L'issue positive de la mise à l'épreuve a pour effet de faire disparaître le délit tout en laissant subsister les sanctions administratives qui pourraient y être associées.

b) Durée

La durée de la suspension du procès avec mise à l'épreuve ne peut dépasser :

- 2 ans pour les délits pour lesquels est prévue une peine de détention, que celle-ci soit autonome ou se combine avec ou se substitue à une amende ;

- 1 an quand il s'agit de délits pour lesquels est prévue une amende.

Ces délais courent à compter de la signature du procès-verbal de mise à l'épreuve.

À l'issue de cette période de probation, le juge déclare, dans une décision spécifique :

- soit que le délit a disparu en prenant en compte le comportement de l'accusé établi par un rapport du service d'exécution des peines, après en avoir informé l'accusé, les parties et la victime à l'audience au cours de laquelle il rend sa décision ;

- soit que le procès reprend son cours, les obligations imposées à l'accusé cessant alors de porter effet.

c) Modification

Le juge ayant fixé, dans son ordonnance, le délai avant le terme duquel l'accusé doit avoir satisfait aux obligations qu'il lui impose, il ne peut le proroger, à la demande de l'accusé, plus d'une fois, et seulement pour des « raisons graves ». Il peut également autoriser le paiement, en plusieurs versements, des sommes dues à titre de réparation. Le juge peut aussi, pendant la période de mise à l'épreuve avec l'assentiment de la personne faisant l'objet de la suspension et après avis du ministère public, modifier par ordonnance les mesures prévues par celle-ci.

Le juge peut aussi, d'office, abroger l'ordonnance de suspension du procès avec mise à l'épreuve ce qui aurait pour effet de rouvrir le procès.

d) Voies de recours contre l'ordonnance de suspension du procès

L'ordonnance de suspension du procès avec mise à l'épreuve peut faire l'objet d'un recours en cassation sans caractère suspensif formé par l'accusé, le ministère public ou la victime.

La décision d'abrogation d'office de l'ordonnance de suspension du procès avec mise à l'épreuve peut également faire l'objet d'un recours en cassation.
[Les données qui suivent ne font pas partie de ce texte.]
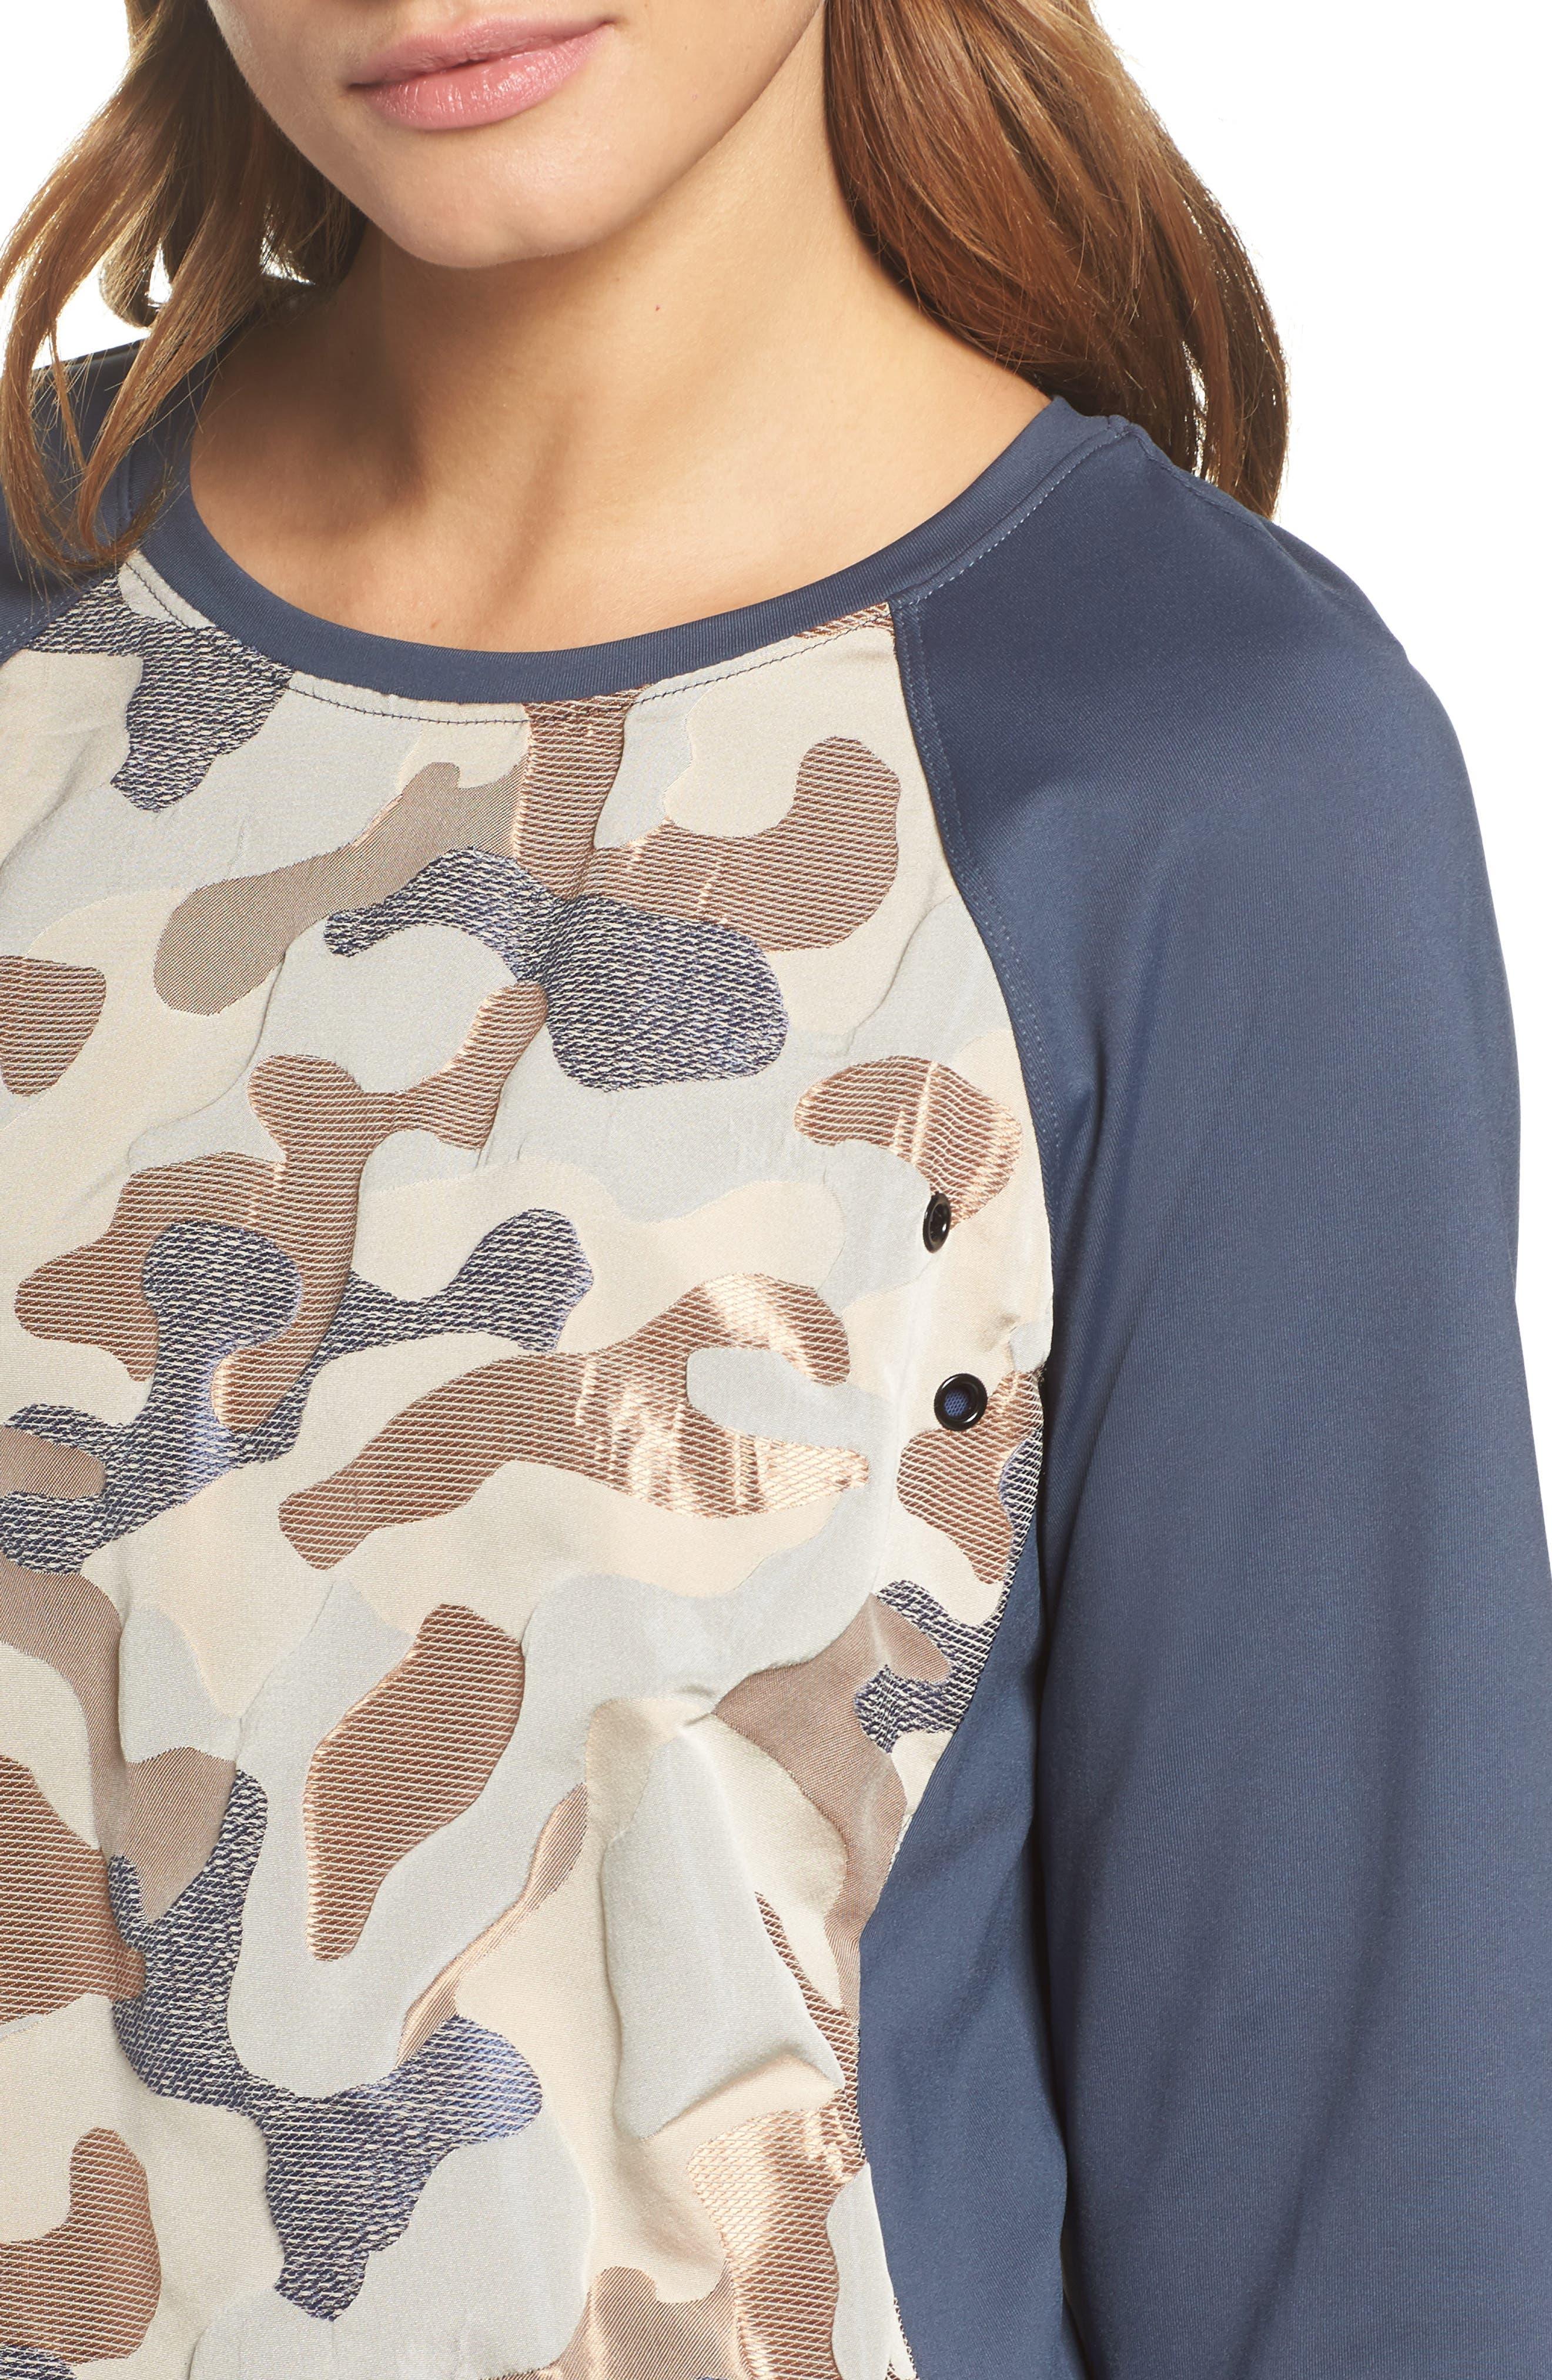 Olvera Sweatshirt,                             Alternate thumbnail 4, color,                             250

4. Sanction du non-respect de l'ordonnance de probation

L'ordonnance portant suspension du procès avec mise à l'épreuve est abrogée en cas de transgression grave ou réitérée du programme de traitement ou des obligations imposées, ou encore de refus d'effectuer le travail d'intérêt général. Elle l'est également en cas de commission, durant la période de probation, d'un délit qui n'a pas le caractère d'imprudence (delitto non colposo) ou d'un délit de même nature que celui qui a motivé la probation.

Après la reprise du procès, le ministère public déduit la période correspondant à la mise à l'épreuve qui a été exécutée pour le calcul de la nouvelle peine. Trois jours de mise à l'épreuve équivalent à un jour de prison ou à une amende de 250 euros.